The role of pneumolysin in pneumococcal pneumonia and meningitis

Abstract

Diseases caused by Streptococcus pneumoniae include pneumonia, septicaemia and meningitis. All these are associated with high morbidity and mortality. The pneumococcus can colonize the nasopharynx, and this can be a prelude to bronchopneumonia and invasion of the vasculature space. Proliferation in the blood can result in a breach of the blood-brain barrier and entry into the cerebrospinal fluid (CSF) where the bacteria cause inflammation of the meningeal membranes resulting in meningitis. The infected host may develop septicaemia and/or meningitis secondary to bronchopneumonia. Also septicaemia is a common precursor of meningitis. The mechanisms surrounding the sequence of infection are unknown, but will be dependent on the properties of both the host and bacterium.

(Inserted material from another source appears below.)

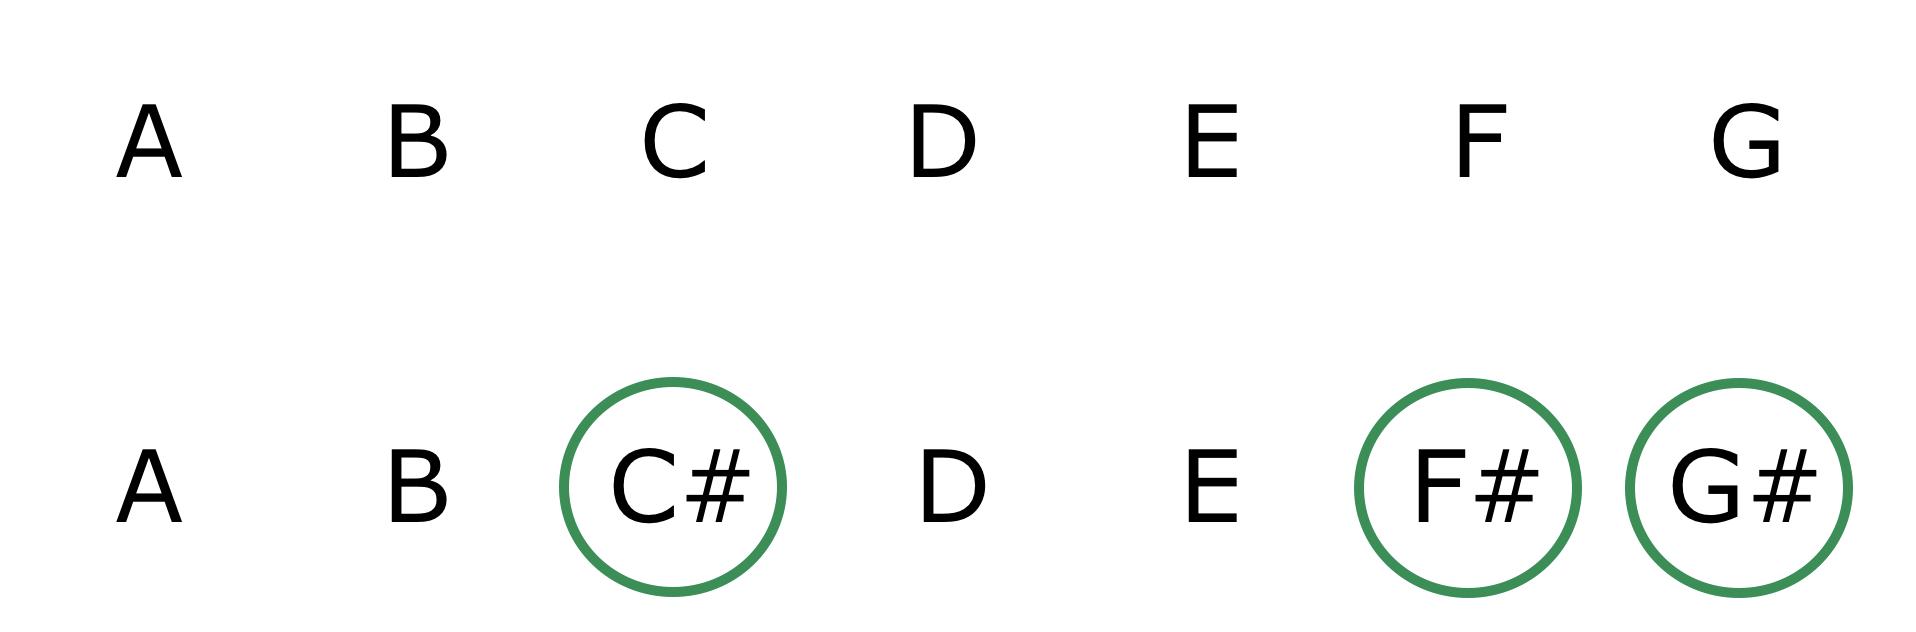 Parallel Key Modulation Note Comparison

Treatment of these diseases with antibiotics leads to clearance of the bacteria from the infected tissues, but the bacteriolytic nature of antibiotics leads to an acute release of bacterial toxins and thus after antibiotic therapy the patients can be left with organ-specific deficits. One of the main toxins released from pneumococci is the membrane pore forming toxin pneumolysin. Here we review the extensive studies on the role of pneumolysin in the pathogenesis of pneumococcal diseases.

Fig. 1

Schematic representation of events during the early (right side) and late stage (left side) responses, based on our mouse (MF1) intransal infection model. In the early stages of infection pneumococci infect bronchiolar airspaces, and subsequently invade the lung epithelial cells. This leads to inflammation of these cells and release of chemokines, such as Il-8 (or mouse equivalent MIP-2). Upon pneumococcal infiltration, alveolar macrophages also release IL-8/MIP-2 and TNF-α. The release of IL-8/MIP-2 and TNF-α attracts neutrophils to the infected area. Neutrophils phagocytose pneumococci through complement C3 deposition and its associated receptors (opsonophagocytosis). Cytokines, such as TNF-α, are also released by infiltrating neutrophils, which in turn leads to a further increase in neutrophil infiltration into the infected areas. In the later stages of lung infection the pneumococci are lysed by activation of Lyt-A or by neutrophils, both events cause a release of pneumolysin into the surrounding tissue. This will have a wide range of cytotoxic and inhibitory effects on host tissue and immune cells, including complement activation, inhibition of neutrophil respiratory burst and release of the antibacterial, vasodilatory, nitric oxide from macrophages. In addition, the release of pneumolysin is thought to increases the probability of pneumococcal survival and growth in vivo.